The Mongolian and Tibetan Affairs Commission (MTAC) promised to help Tibetan refugees yesterday, saying those who entered the country illegally may be granted legal resident status.
More than 100 Tibetans have been staging a sit-in at Liberty Square in Taipei since Tuesday, demanding that the government grant them legal resident status or at least a work permit.
They were forcibly removed from the demonstration site and dropped off in the outskirts of the city, including Guandu (關渡), Nangang (南港) and in the mountains in Neihu (內湖) at around 3am yesterday.
PHOTO: WANG YI-SUNG, TAIPEI TIMES
While a majority of the group — who speak little Mandarin — struggled to find their way back, 10 members who have been living in Taiwan for decades and are naturalized Taiwanese turned to the commission to plead for help for their Tibetan comrades.
“There are hundreds of Tibetans out there who entered Taiwan on forged [Indian and Nepalese] passports — they don't have stable jobs because they cannot legally work here,” Taiwan Tibetan Welfare Association chairman Jangka (蔣卡) told reporters.
“They live in extreme poverty and often wake up in the morning not knowing where their lunch and dinner will come from. They cannot return to India, they have nowhere to go now,” he said.
“Please help them. Give them at least work permits so they can live,” he said.
A Tibetan who has no legal resident status in Taiwan told the Taipei Times that he makes about NT$10,000 (US$299) a month doing part-time jobs and lives with 13 other Tibetans in an 85m² apartment with one living room and two bedrooms.

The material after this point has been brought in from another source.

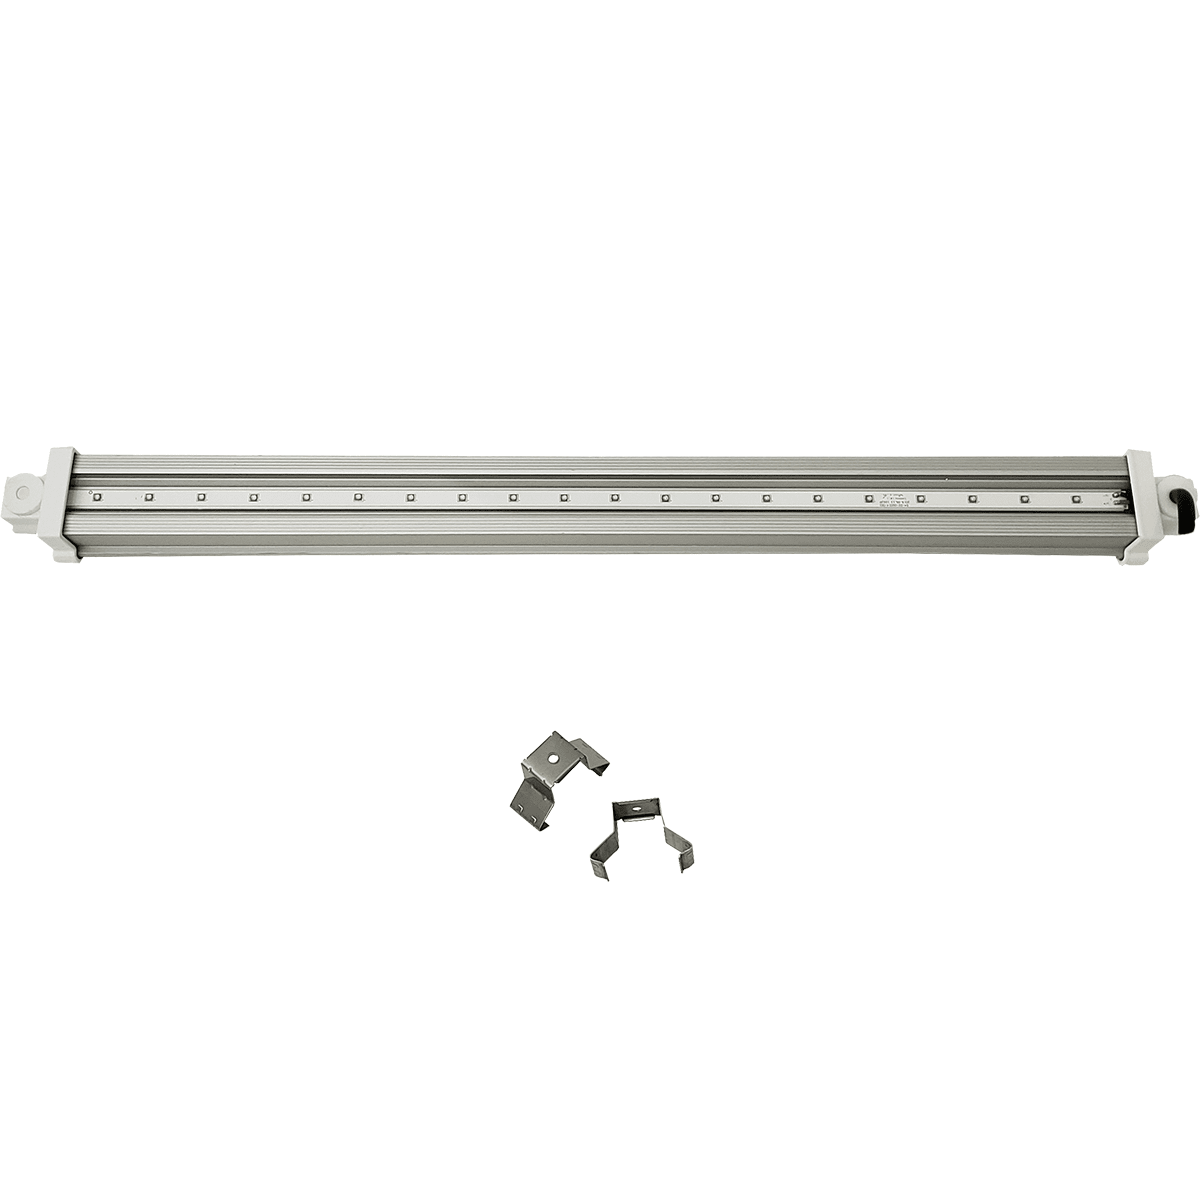 HLG 30 UVA Waterproof LED Supplement Bar (HLG-30-LAMP-UVA) - 240V

Commission Secretary-General Chien Shih-yin (錢世英), who received the Tibetan representatives, said that help from the commission was on the way.
“We understand that it's difficult to find jobs without legal status, but it's not an issue that can be resolved by the MTAC alone,” Chien told the Tibetans.
“That's why we're in the process of coordinating efforts with the Ministry of Foreign Affairs, the National Immigration Agency and the Ministry of the Interior to revise the Immigration Act [出入國及移民法]” Chien said. “We're doing something — but please understand that this cannot be done within one day.”
Chien's words failed to pacify the Tibetans.
“You always want us to wait, wait, wait — how long do we have to wait? Ten years?” one of them shouted.
Chien then threatened to discontinue the talk if the Tibetan representatives continued shouting.
Taiwan Friends of Tibet vice chairman Yang Chang-chen (楊長鎮) and Democratic Progressive Party Legislator Tien Chiu-chin (田秋堇), who accompanied the Tibetan, said the government should treat Tibetans without legal status in Taiwan in the same way it treated refugees from Thailand and Myanmar earlier this year.
Around 400 stateless Thai and Myanmar refugees who entered the country illegally were granted temporary residency so that they could work before the Immigration Act is amended.
Chien agreed and promised the commission would try to forward the proposal during Cabinet meetings.